Paul Bloom, The Atlantic
In his just-published book, On Inequality, the philosopher Harry Frankfurt argues that economic equality has no intrinsic value. This is a moral claim, but it’s also a psychological one: Frankfurt suggests that if people take the time to reflect, they’ll realize that inequality isn’t really what’s bothering them.
**
It’s tempting
to see small-group behaviors as reflecting some natural preference for equal
treatment, but the anthropologist Christopher Boehm, who has extensively
studied these groups, tells a different story. He argues that these egalitarian structures emerge
because nobody wants to get screwed. Individuals in these societies end up roughly equal because
everyone is struggling to ensure that nobody gets too much power over him or
her. As I’ve discussed in my last book, Just Babies, there’s a sort of invisible-hand
egalitarianism at work in these groups. Boehm writes, “Individuals who
otherwise would be subordinated are clever enough to form a large and united
political coalition. ... Because the united subordinates are constantly putting
down the more assertive alpha types in their midst, egalitarianism is in effect
a bizarre type of political hierarchy: The weak combine forces to actively
dominate the strong.”
This analysis
helps us explain why such huge power differentials exist in the world right
now, where it’s far harder for the weak to team up to dominate the strong. As
Boehm tells it, in a small society, a wannabe dictator can be ignored or
ridiculed by everyone else, and if he doesn’t get the message, he can be beaten
up, expelled from the group, or killed.

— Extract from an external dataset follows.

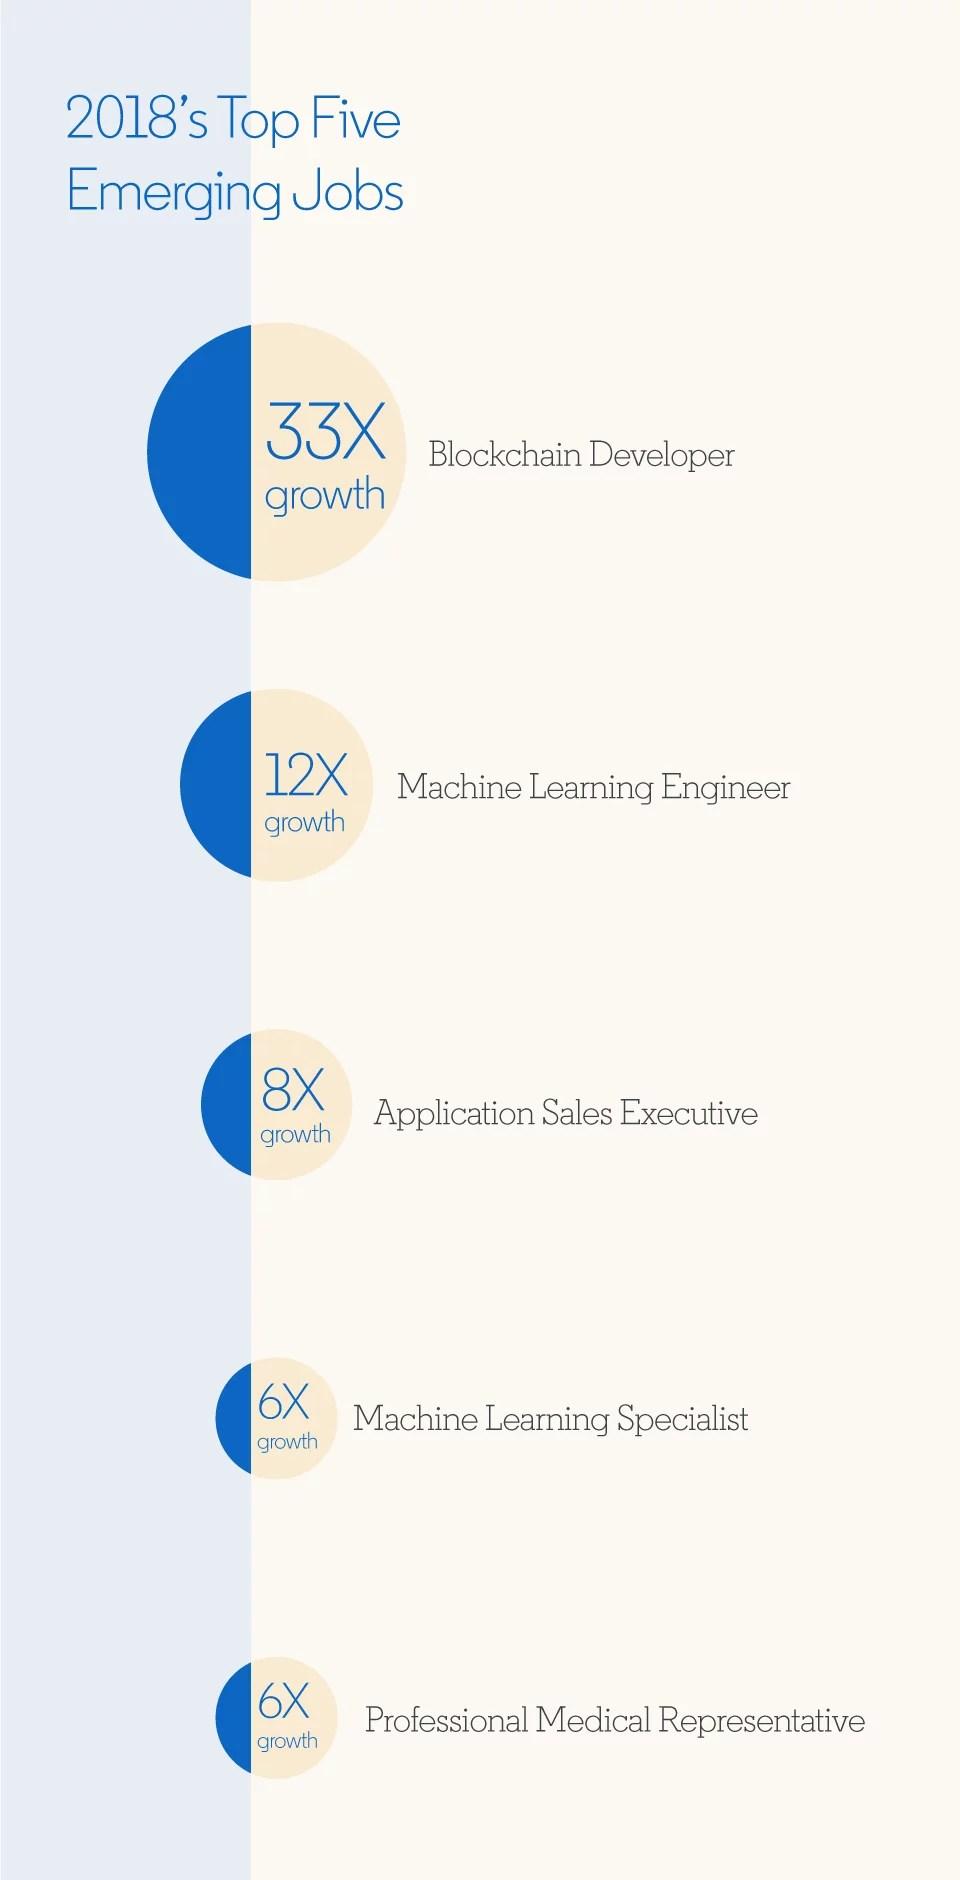 Infografia de empleos emergentes en el 2018 según linkedin

But this is a harder trick to pull in a
society of millions where interactions are no longer face-to-face and where the
powerful have guns and gulags.
What we see from studies of children and studies of small-scale
societies is an early-emerging desire for fairness, and a particularly strong
motivation not to get less than anyone else. But we don’t find a smidgen of evidence
that humans or any other species naturally value equality for its sake.